I think that as an industry, we’re trying to satisfy customer needs that, although they may appear to be popular nowadays, I don’t believe are very real. We as consumers are often driven by consumerism and privilege. If something can be delivered to you in 15 minutes, why wait two hours? We feel like we deserve to get our product as fast as possible. Or if you’ve paid Amazon Prime, for example, for next-day delivery, even though you don’t need the item for the following day, why wait for a week? You feel like the company owes it to you to deliver the next day. So I think that because speed is something that most people enjoy and is attractive to consumers, organizations have tried to adapt to offer faster and faster deliveries. But I believe this is not a sustainable model, and eventually, it’s going to backfire. In many countries, you can see that companies that offer ultra-fast deliveries are failing, mainly because the business model is not there or the logistics costs are very, very high. Sure, there’s going to be a market for ultra-fast deliveries, but for very specific things — such as when you don’t have something that you really need and there’s no other way to buy it — someone will have to bring it to you.
How fast is too fast?
One aspect we’re trying to understand in our research is how much consumers value speed. If you ask them: Do you want more speed? The answer is always yes. But to me, that’s the wrong question to ask because if you ask if you want more of something, of course, you’ll say yes. We’re running experiments to look into how much customers are willing to pay for different delivery speeds. We’re asking them whether they’d be willing to wait for an extra day or an extra 5 to 10 days if, in return, we give them a discount.
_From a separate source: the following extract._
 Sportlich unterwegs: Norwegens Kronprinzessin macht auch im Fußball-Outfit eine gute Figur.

What are your experiments showing?
We’re still running our experiments, but we’ve already seen that there’s a certain part of the market that’s willing to wait for an extra 5, 10, or even 15 days for a small discount. That’s quite powerful because knowing that there’s a substantial percentage of your customers who would be willing to slow down their deliveries in exchange for a small discount can help retailers and warehousing and transportation companies refine their strategies.
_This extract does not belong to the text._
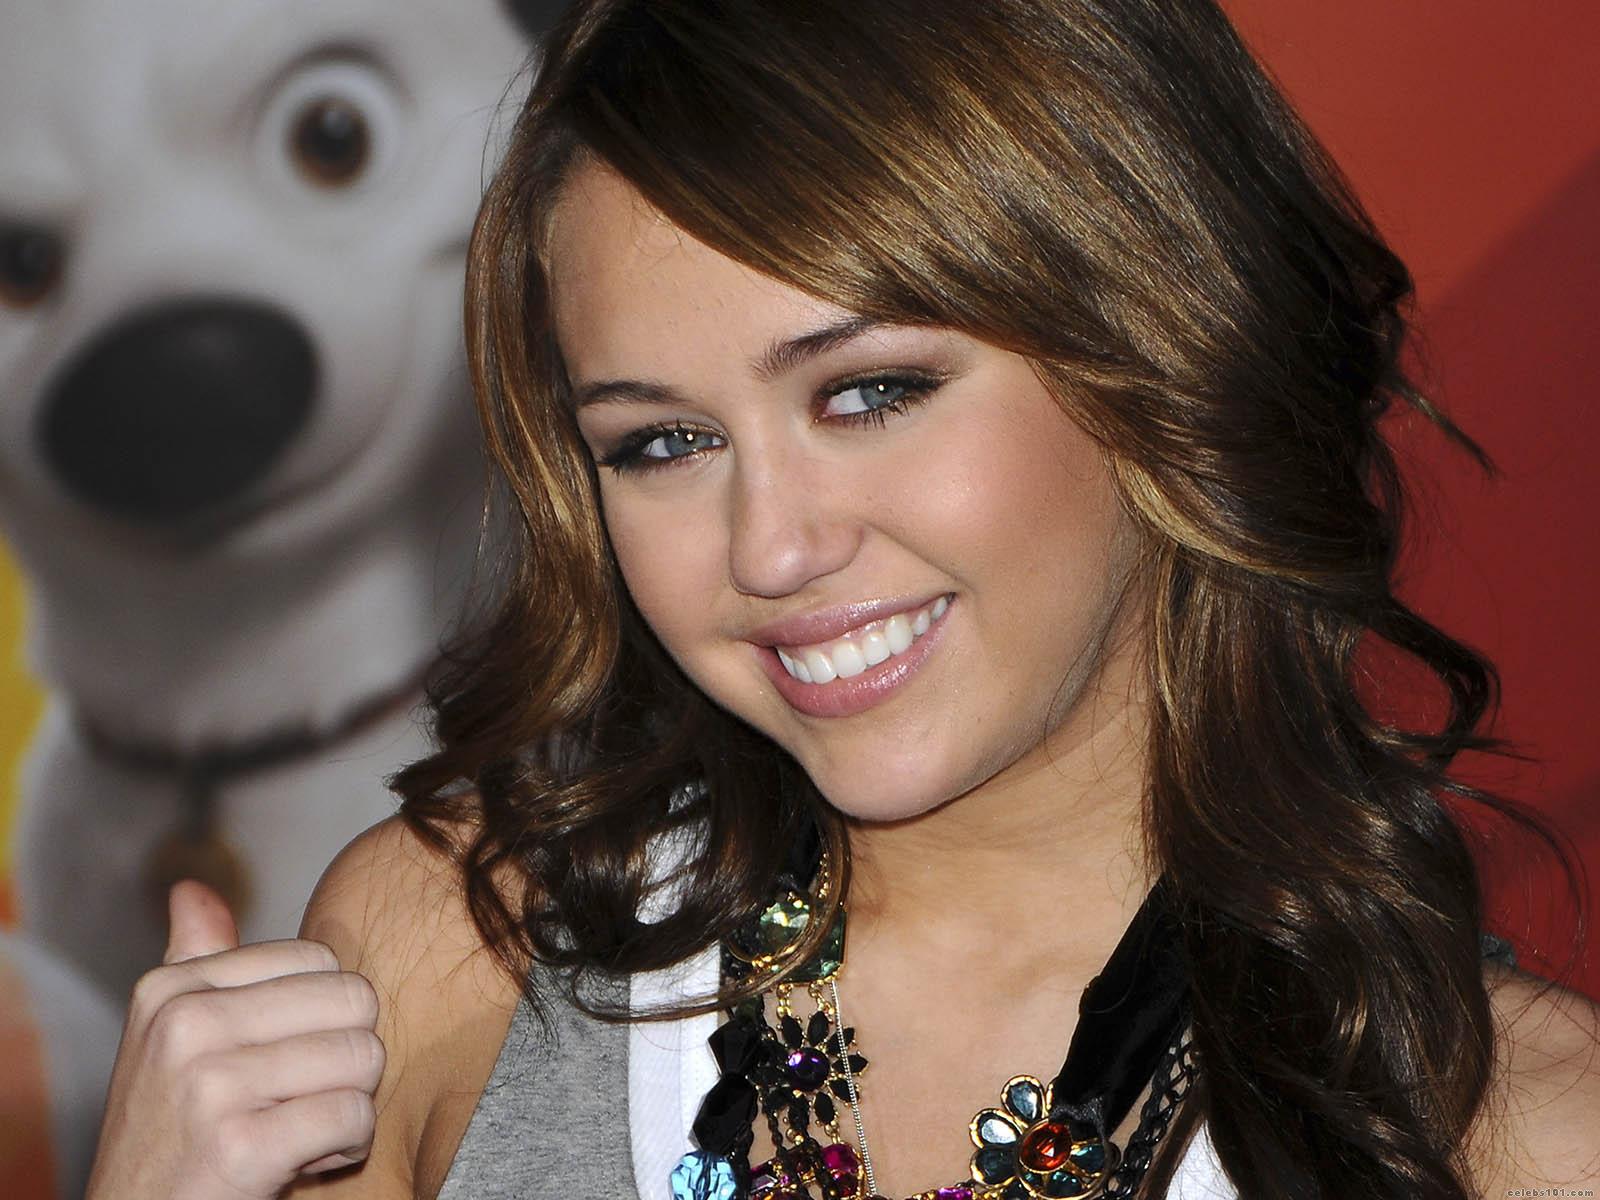 Miley Cyrus (Hannah Montana) Wallpaper

If we can incentivize consumers to choose not faster but slower deliveries, this could have a positive impact on warehousing and transportation businesses and retailers because they could better manage their inventory. It would also have a positive impact on the environment, as it would mean less packaging, less space in the van, and fewer half-empty trucks on the road that you could have filled if you’d waited a few more days. It’s quite important to understand not only how you can make deliveries faster and faster, but also how you can incentivize people to make slower and more sustainable decisions overall. Being more sustainable in your deliveries often means you can have all sorts of positive knock-on effects across the supply chain as well.